Руне растерянно — к моему удовольствию — огляделся. Я не хотела, чтобы он понял, где мы. Не хотела, чтобы он сердился на меня за этот, задуманный с лучшими побуждениями, жест. Не хотела причинять ему боль, заставляя увидеть будущее, которое могло бы быть и его будущим.
Я повернула Руне налево, к зданию. Он бросил на землю окурок и взял меня за руку. Подойдя к кассе, я попросила билеты и потянулась за кошельком, но Руне остановил меня и расплатился сам, еще не зная за что. Я поднялась на цыпочки и чмокнула его в щеку.
— Какой джентльмен!
Он закатил глаза:
— Не уверен, что с тобой согласился бы твой отец.
Меня это так рассмешило, что я не удержалась и расхохоталась. Руне остановился, подождал, пока я успокоюсь, и протянул руку. А потом, наклонившись, прошептал мне на ухо:
— Почему, когда ты так смеешься, мне жуть как хочется тебя сфотографировать?
Я посмотрела на него, и смех угас сам собой.
— Потому что ты снимаешь все аспекты человеческого состояния — хорошее, плохое, правду. — Я пожала плечами и добавила: — Потому что при всех твоих протестах и ауре тьмы ты стремишься к счастью, хочешь быть счастливым.

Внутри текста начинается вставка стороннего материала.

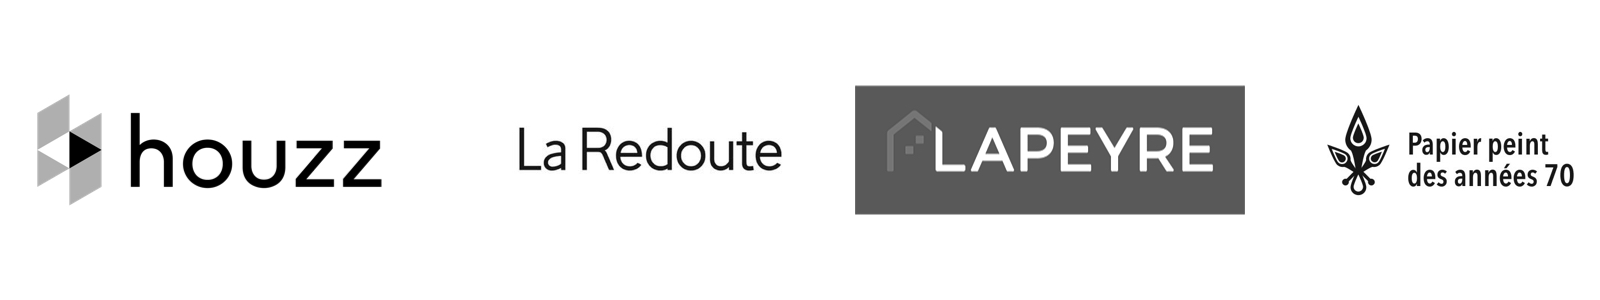 projet communication decoration maison

— Поппи… — Руне отвернулся. Как всегда, признавать правду он не хотел, но она сидела в глубине его сердца. Все, что было ему нужно, это быть счастливым — он и я. Я же хотела, чтобы он научился быть счастливым без меня. Пусть даже я и оставалась бы с ним в его сердце.
— Руне, — мягко, но требовательно сказала я. — Пожалуйста, пойдем со мной.
Он посмотрел на мою протянутую руку и все же уступил, хотя за настороженным взглядом и промелькнула боль.
Я поднесла наши сомкнутые руки к губам, поцеловала тыльную сторону его ладони и прижала ее к щеке. Руне фыркнул, но все же обнял меня, и я провела его через двойные двери, за которыми и помещалась выставка.
Мы оказались в просторном, открытом зале с развешанными по высоким стенам знаменитым фотографиям. Взглянув на него краем взгляда, я успела заметить его удивленную, но совсем не бесстрастную реакцию на выставленную перед ним мечту. Фотографии, определившие наше время.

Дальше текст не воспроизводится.